In Niedersachsen wird das Arbeits- und Sozialverhalten an Schulen derzeit in fünf Stufen bewertet. Das Kultusministerium betont zwar, dass diese Stufen nicht mit der klassischen Notenskala gleichzusetzen sind, doch für die Schülervertreter bleibt das System problematisch.

Die zentralen Forderungen des Landesschülerrats umfassen:

  • Die vollständige Abschaffung der Kopfnoten für Arbeits- und Sozialverhalten
  • Eine Fokussierung auf individuelle Entwicklungsberichte statt standardisierter Bewertungsskalen
  • Eine Leistungsrückmeldung, die die unterschiedlichen Ausgangsbedingungen der Schüler berücksichtigt

Individuelle Berichte statt standardisierter Skalen

Die Schülervertreter argumentieren, dass standardisierte Bewertungen dem komplexen Bereich des Arbeits- und Sozialverhaltens nicht gerecht werden können. Insbesondere bei Schülern mit Förderbedarf würden die Kopfnoten oft genau jene Verhaltensweisen bewerten, die Ausdruck ihrer besonderen Bedürfnisse sind.

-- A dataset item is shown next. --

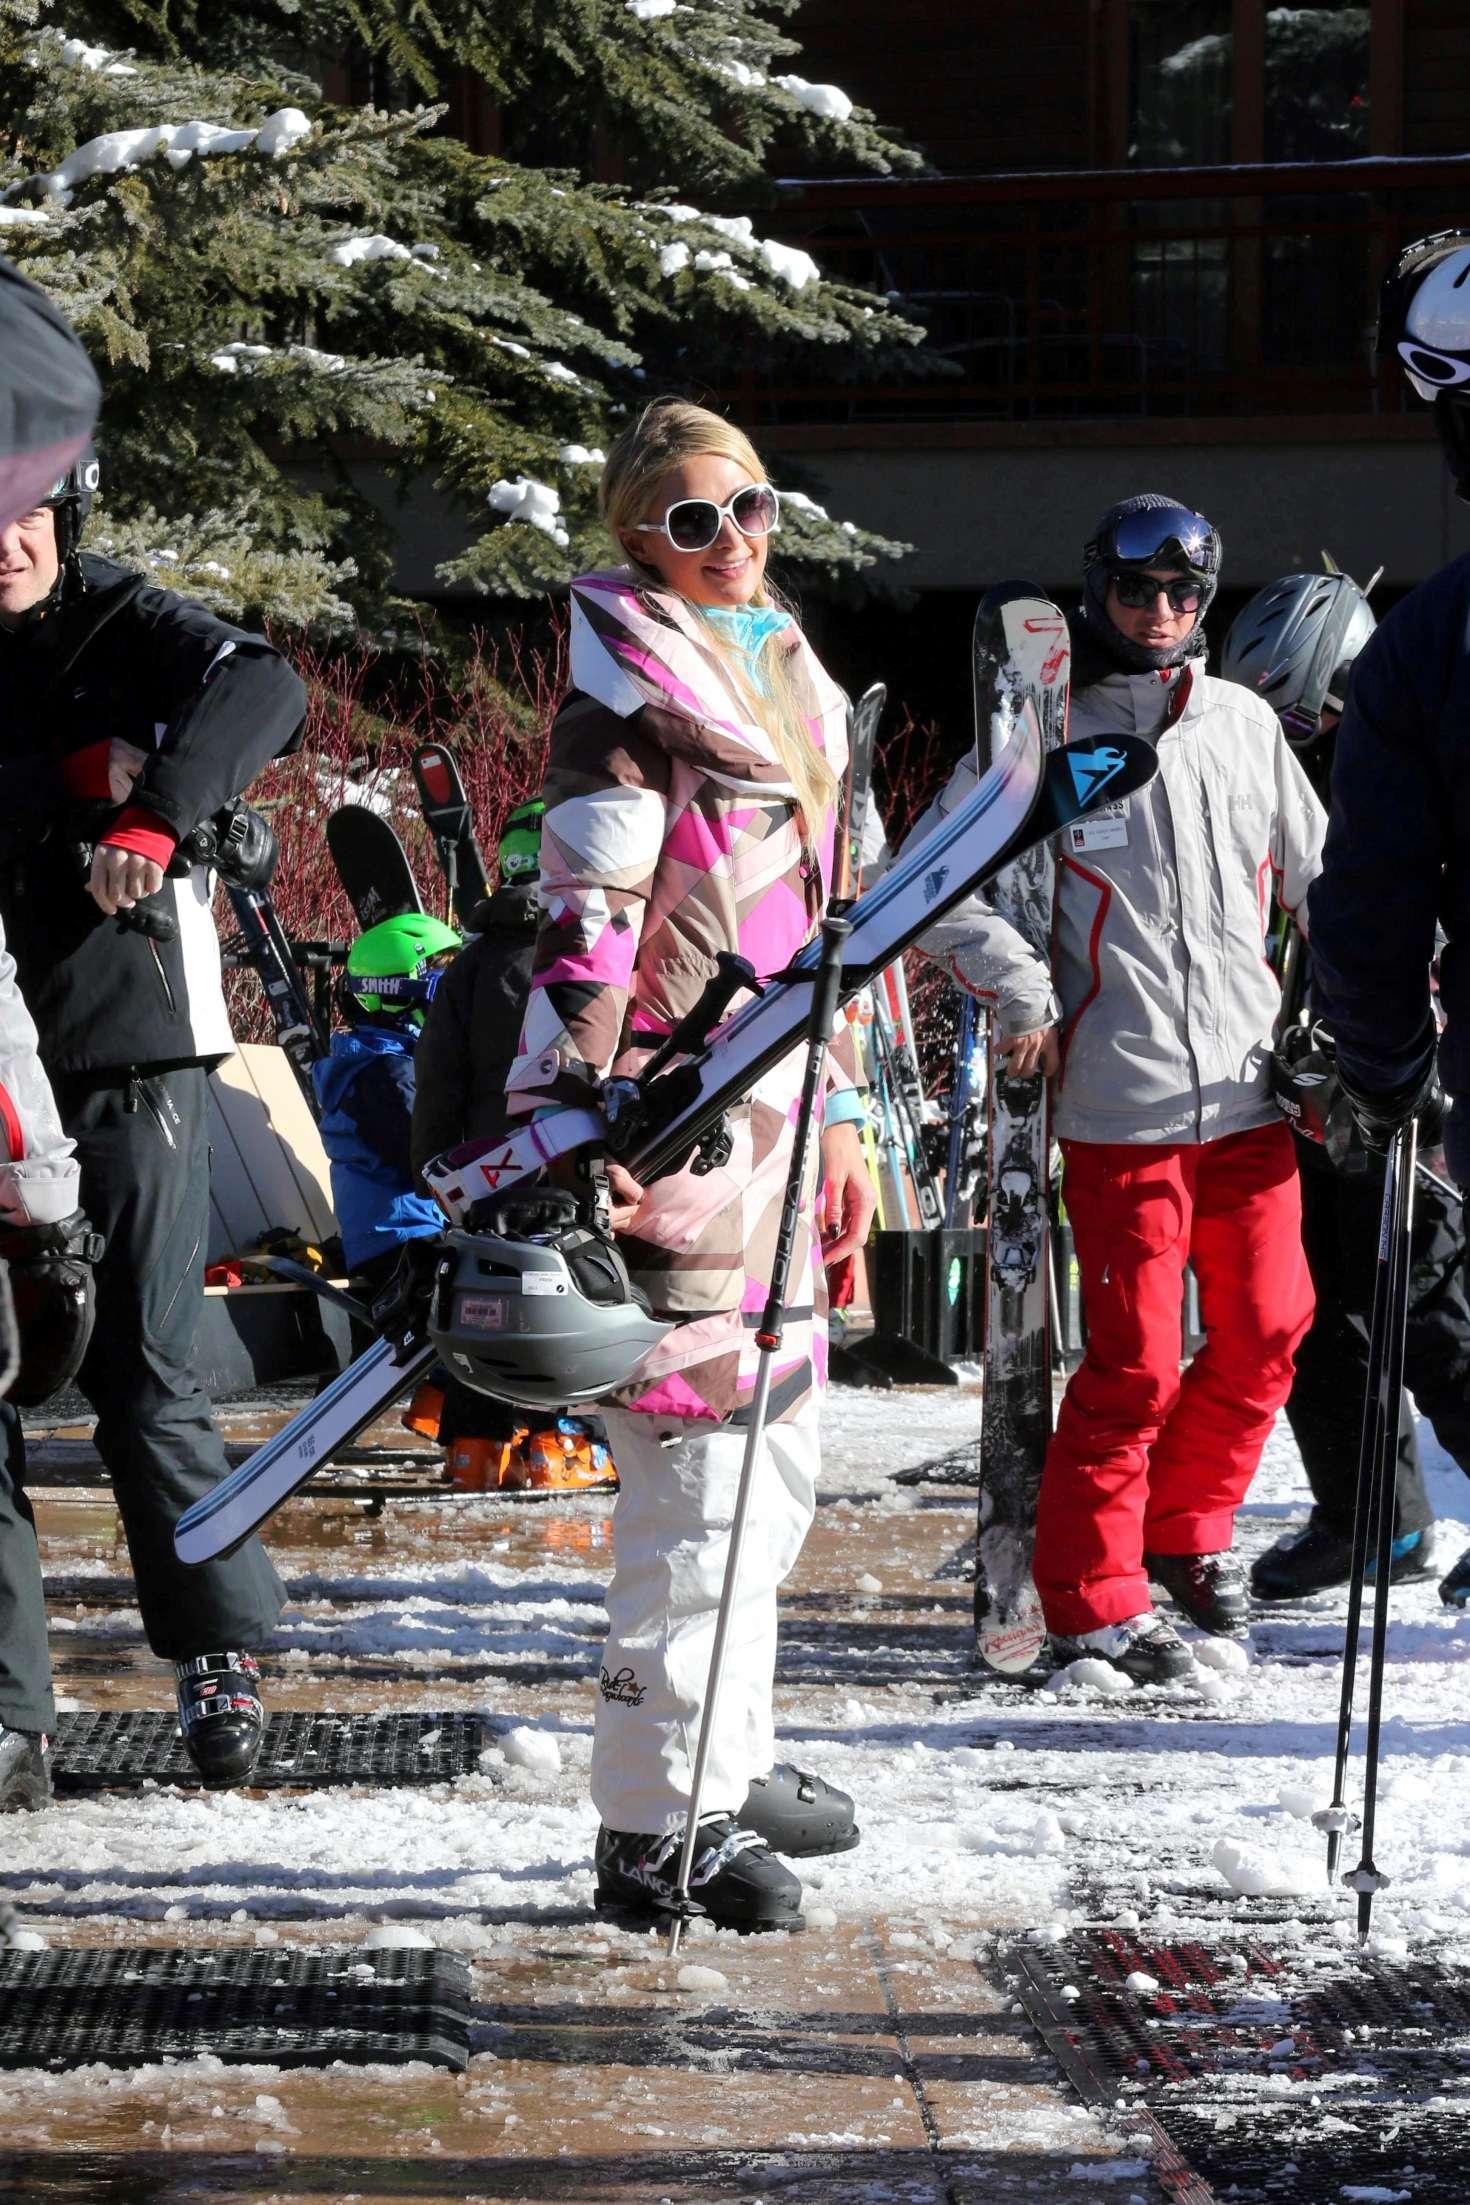 Paris Hilton 2016 : Paris Hilton Skiing in Aspen -18
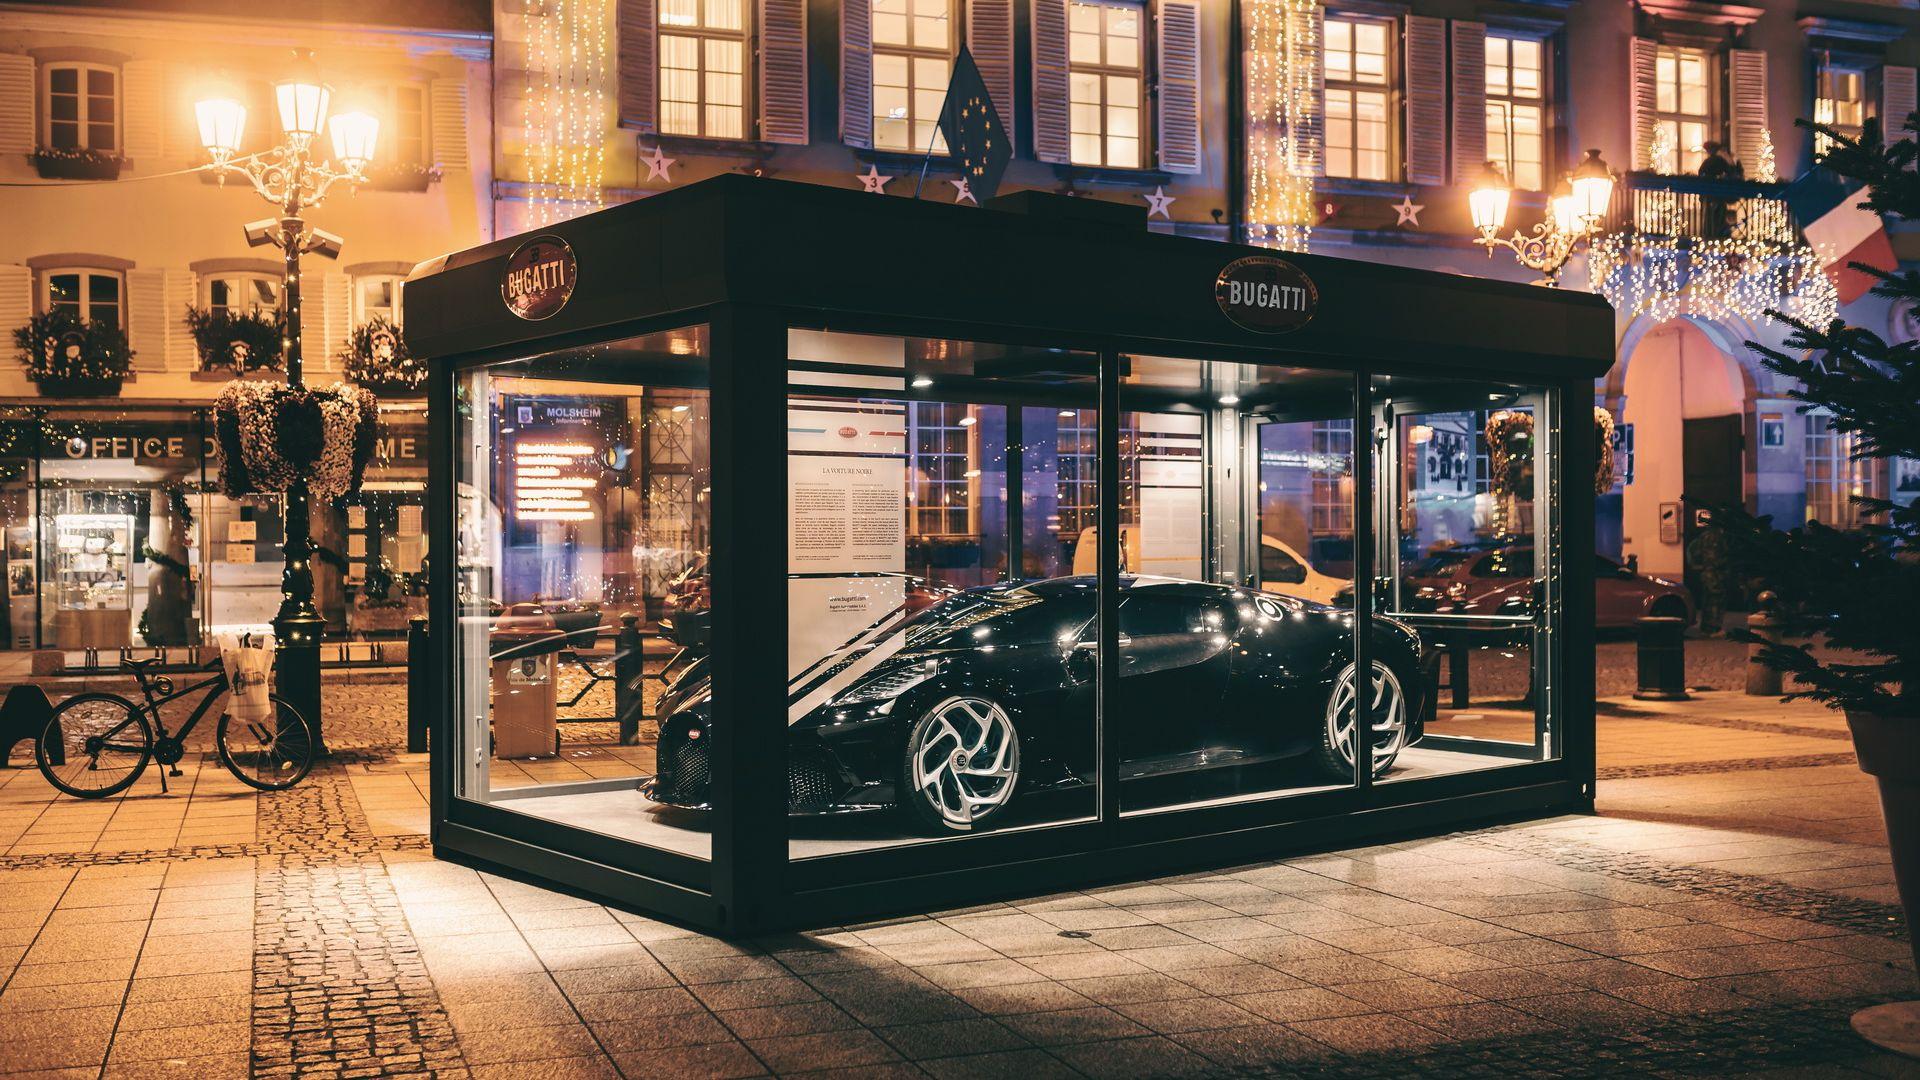 Самая дорогая декорация на Рождество: стеклянный куб с Bugatti за 11 млн евро внутри

„Es geht hier um eine grundlegende Gerechtigkeitsfrage“, betont Ellerbrock. Die geforderten individuellen Entwicklungsberichte sollen stattdessen eine differenzierte Rückmeldung ermöglichen, die sowohl Stärken als auch Entwicklungsbereiche aufzeigt, ohne Schüler in ein starres Bewertungsschema zu pressen.

Die Diskussion um die Kopfnoten gewinnt vor dem Hintergrund der Inklusionsbemühungen im Bildungssystem an Bedeutung. Während viele Bundesländer bereits alternative Bewertungsformen erproben, bleibt Niedersachsen bei seinem fünfteiligen System – zumindest vorerst.